Nope, it's not from a Catholic paper, destined to be read with righteous but vague disgruntlement and then forgotten, it's from Guardian journalist Annalisa Barbieri!

Leaving asside all the to-do about women's career vs. family priorities, which is a question threatening to go way above my non-economist head, isn't it amazing that a Guardian journalist is advocating a universal education in the latest NFP techniques, something which the Catholic Church could wholeheartedly advocate!

I've been a dyed-in-the-wool feminist since reading Germaine Greer at age 18, and I'd much rather consider paying women better for the more fundamental work they have always done, and still do: producing the next generation of society through childbirth, motherhood and a thousand other unnoticed "works".

I don't know if Barbieri would agree with this "Chestertonian Feminist" side, but it's amazing that there is support for NFP.

3 Comments:

Blogger louise said...

My personnel manager joked to a newly pregnant colleague that the next employee benefit they were working towards providing for female staff was contraception(!). Personnel are also trying to sort out the company pension scheme. No one seems to have spotted the link - I guess we only see what we want to see.

By the by, very excited to have come across your blog. Thanks for listing so many UK and ROI sites - it'll keep me occupied for weeks.

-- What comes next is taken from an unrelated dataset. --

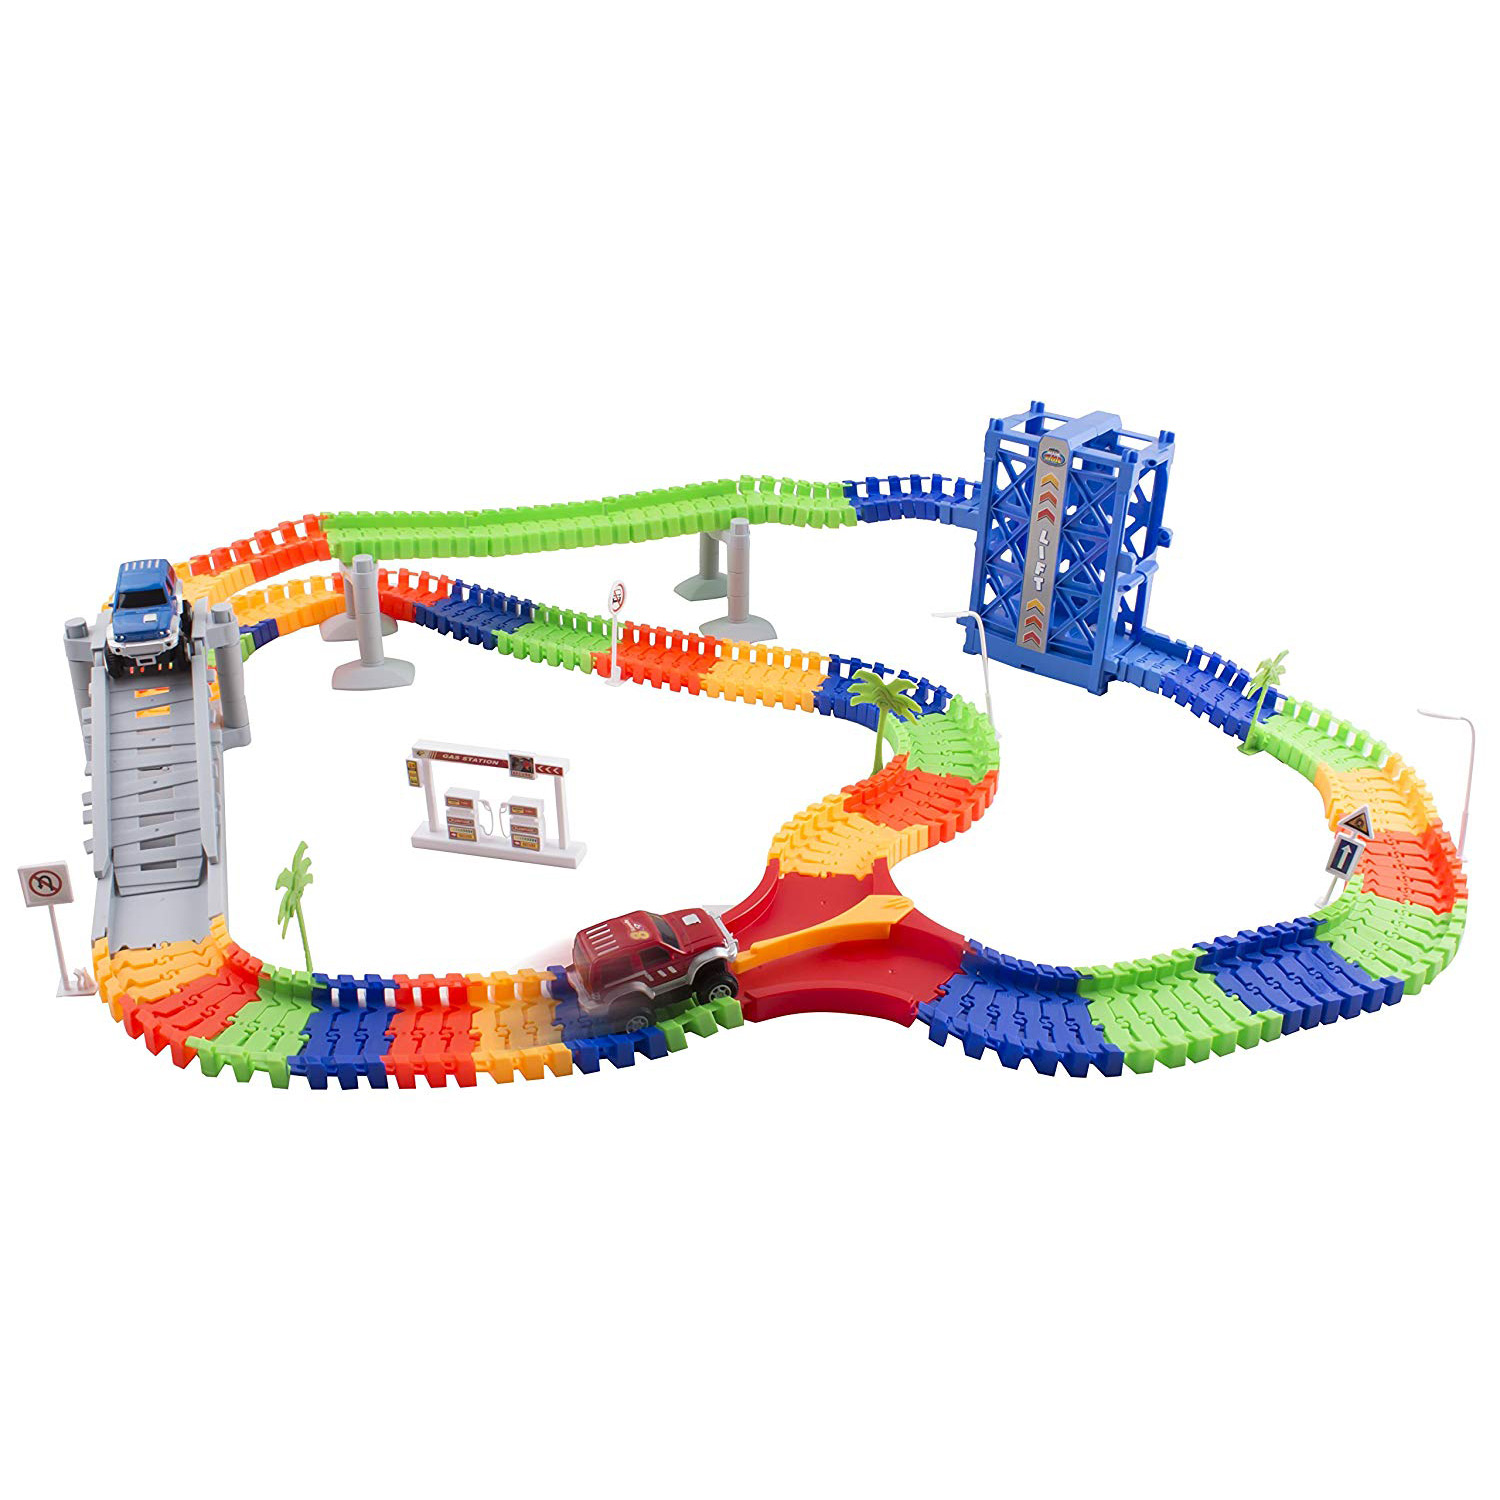 Race Car Track Set Toy Educational Twisted Flexible Building Tracks 240 Pieces Racetrack 2 Cars with Lifter Bridge Trees Gas Station for Children Ages 3 4 5 6 Year old Kids Toys Unisex Boys And Girls 1109

Sunday, June 25, 2006 1:05:00 PM  
Blogger Joee Blogs said...

Good post, cheers mate, well done for finding that Guardian article.
I'm sure you'd agree it's important that in using arguments against abortion etc. we don't use anecdotal information but actual scientific and well founded information. So thanks for the link, will have to keep that one up my sleeve!

Sunday, June 25, 2006 4:05:00 PM  
Blogger Paulinus said...

Sorry to correct you, but there are two members of the Sacred College in the UK - you forget H.E. Keith Patrick Cardinal O'Brien, Archbishop of St Andrews and Edinburgh.